Ama bir şeyler kalmış içimde
O yoksul otellerden, köhne gemilerden;
İlk romanıma başladım soğuk bir iklimde,
Haber var sizlere karanlığın yüreğinden.

Şavkar Altınel



 hem havalı.


20 yorum:

Lilium Bosniacum dedi ki...

niye bilmem ama benim kafamda daha tombul biri vardı :) utanma iconu nasıl yapılıyosa ondan işte :))

neo dedi ki...

şarkı pek güzelmiş. periciğim, sen şu henry james yazısını yazsan da conrad serisi, sayfanın aşağılarına inse :) kendi kendime yabancılaştım gidip gelip resimlere bakınca :)

sevgiler

endiseliperi dedi ki...

lillium,
neo yu ben kumral, tombulca, parlak pembe yanaklı sanıyordum, yıllar önce ilk fotoğrafını görmeden. galiba şu pastane, dondurma, kek, kurabiye sözcüklerinin neo nun dilinden çok lezzetli çıkmasından. ilk fotoğrafı görünce şaşırdım, ama pek beğendim.

elimde neo'nun başka fotoğrafları da var, boydan, filan. çok zarif, çok hoş bir duruşu var. bu conradlı fotoğrafı pek göstermiyor neo'yu. ama neo ne tatlı, ne çocuksu; işte conrad, işte ben, bu da badem'in kulakları şeklinde tarif ediyor fotoğrafı:)

senden de beklerim lilium bir conradlı fotoğraf:)

sevgiler.

endiseliperi dedi ki...

cık.
ben çok mesudum böyle. çok tatlısın. lansmanını da burdan yaptık ya, çok heyecanlıyım:)

canım neocum, çok sağol. yalnız farkettin mi, atze de de benzer bir şal vardı?:)

öpüyorum çok çok çok.
sevgiler, badem'e selam söyle.

justine dedi ki...

Yok canım, niçin inecekmiş aşağılara Neo, kalsın böyle. Gayet güzel, hoş ve sana yabancılaştırıcı olsa da, bize seni yakınlaştırıcı bir durum bu. (günün en salak cümlesini de kurdum ya, aferin bana;p)

Havalı Neo, Conrad okuyor; karanlığın yüreği o adam, aksan düzeltirken fotoğraflardaki kadının kulağına kim bilir neleri, nasıl fısıldıyor, sevdim ben bu işi.
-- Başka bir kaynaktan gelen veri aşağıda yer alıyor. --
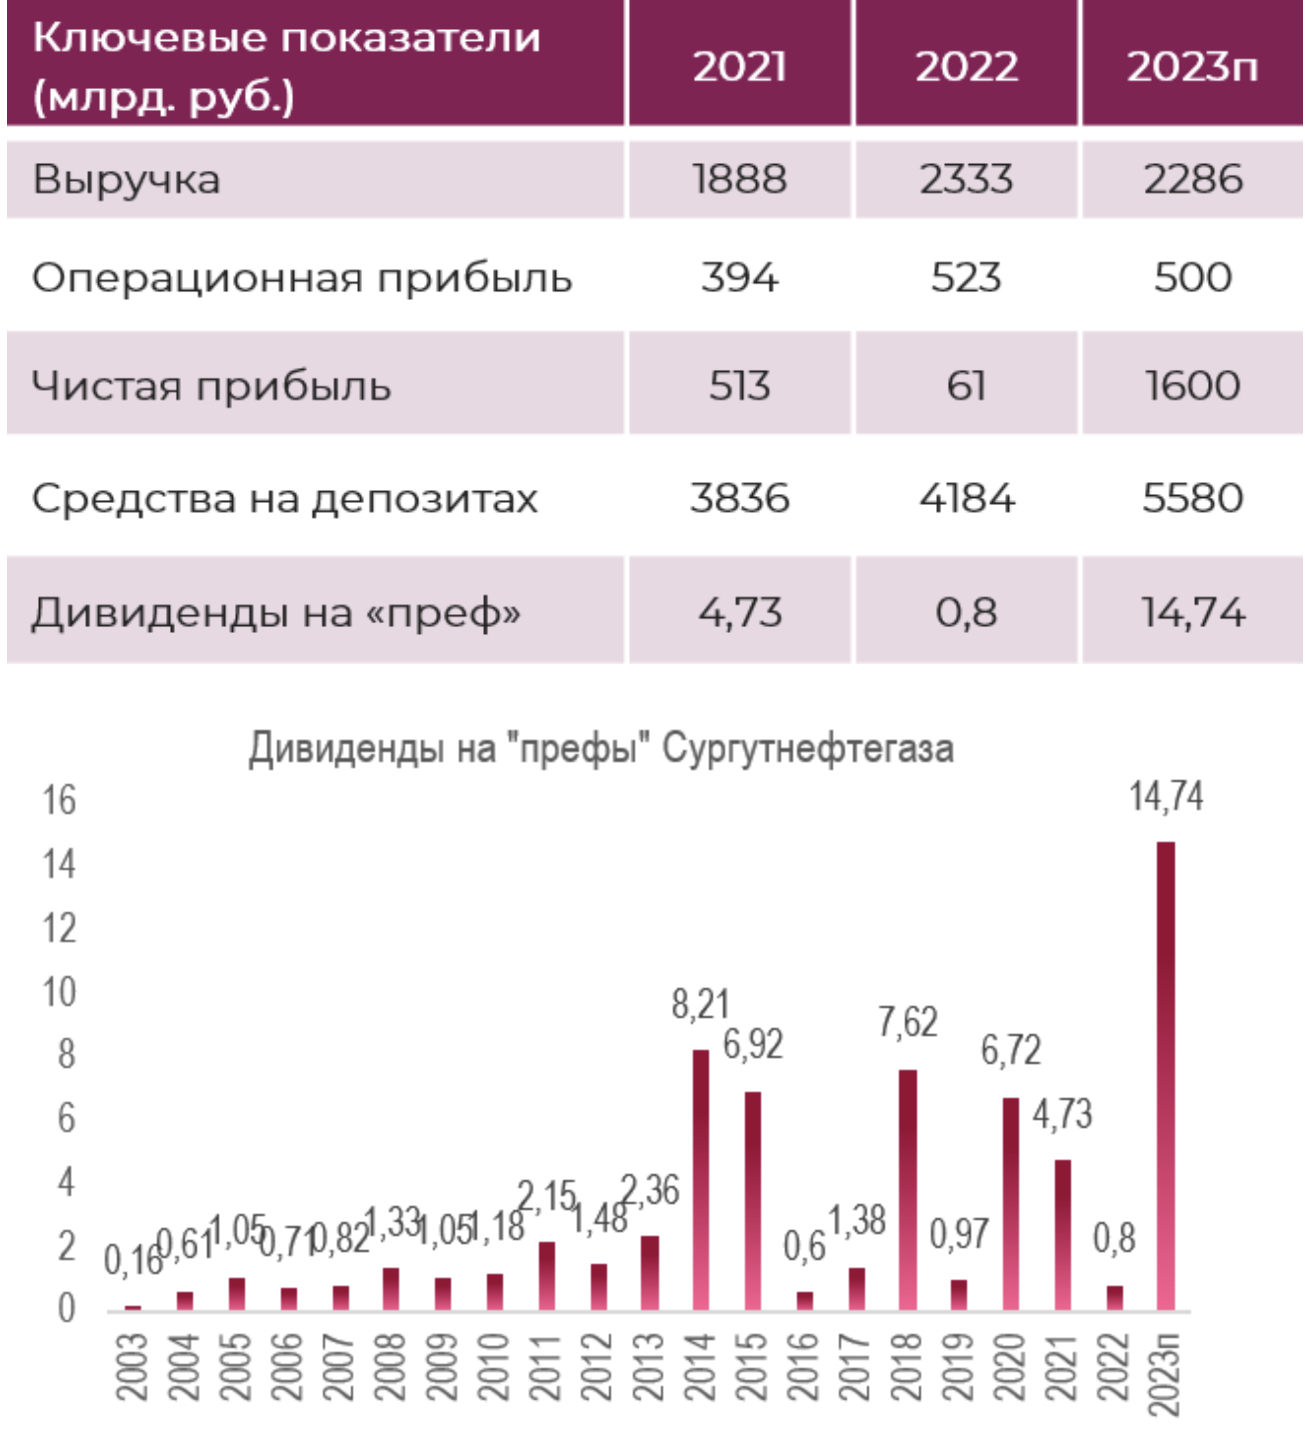 "Префы" Сургутнефтегаза - самые высокие дивиденды за 2023?

(Bugün zamanı kullanamıyorum ben, her gün öyle ya, bugün daha beterim. Öğlen kalktığım gibi yorum yazacaktım bu fotolara, neredeyse gece oldu. Yarın da iş var yine. Hay allah, neyse.)

pelinpembesi dedi ki...

ne güzel oluyor bu etkinlik, birbirimiz hayal ediyoruz , sonra da gerçekler..neoyu da gördük,darısı bizlere :))

endiseliperi dedi ki...

"Havalı Neo, Conrad okuyor; karanlığın yüreği o adam, aksan düzeltirken fotoğraflardaki kadının kulağına kim bilir neleri, nasıl fısıldıyor." başın şiddetle ağrırken bile böyle hoş yazabiliyorsun ya, justine, o yabancılaştırıcı& yakınlaştırıcı cümlesini insan gülümseyerek okuyor.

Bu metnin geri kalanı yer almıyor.